MATERIAL SHOWN -
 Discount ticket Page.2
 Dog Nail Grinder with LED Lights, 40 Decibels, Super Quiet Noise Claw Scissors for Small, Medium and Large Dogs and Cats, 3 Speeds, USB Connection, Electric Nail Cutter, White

---

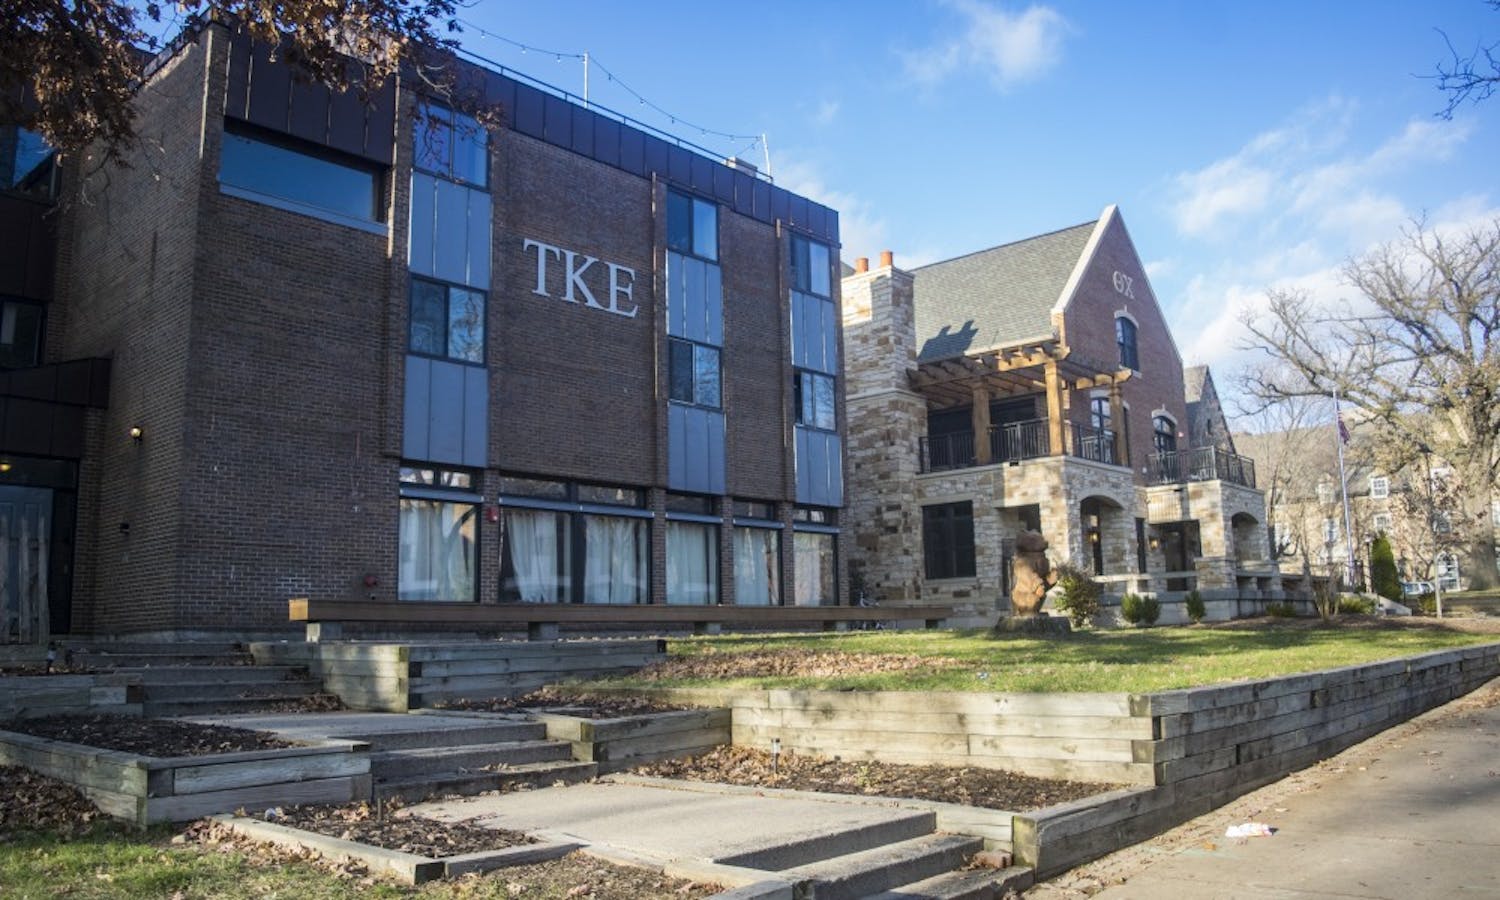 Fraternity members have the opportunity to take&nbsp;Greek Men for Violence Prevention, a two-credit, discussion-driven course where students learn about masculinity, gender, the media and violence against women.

==

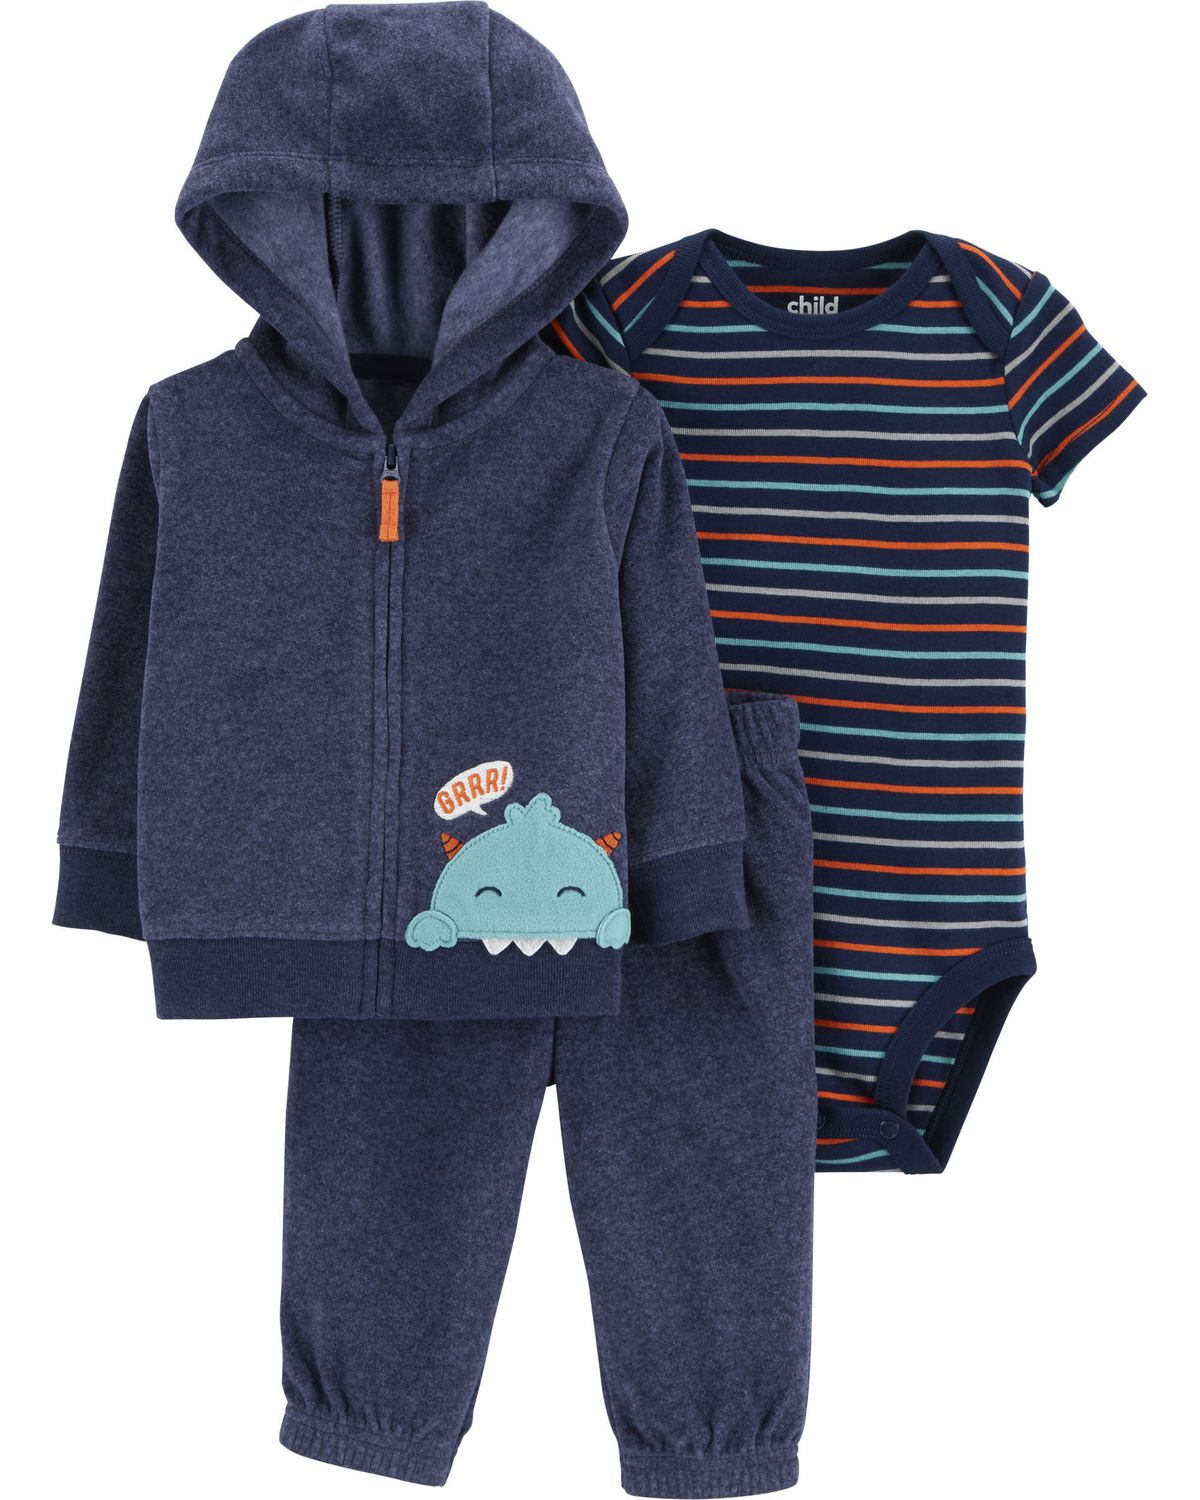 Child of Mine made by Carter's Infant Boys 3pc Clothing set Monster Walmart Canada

WHAT TO WORK ON -
Return a word-for-word copy of the lines above from the one holding "Discount ticket Page.2" through the one holding "Dog Nail Grinder", with both of them included and nothing besides.

RESPONSE AREA -
 Discount ticket Page.2
 Dog Nail Grinder with LED Lights, 40 Decibels, Super Quiet Noise Claw Scissors for Small, Medium and Large Dogs and Cats, 3 Speeds, USB Connection, Electric Nail Cutter, White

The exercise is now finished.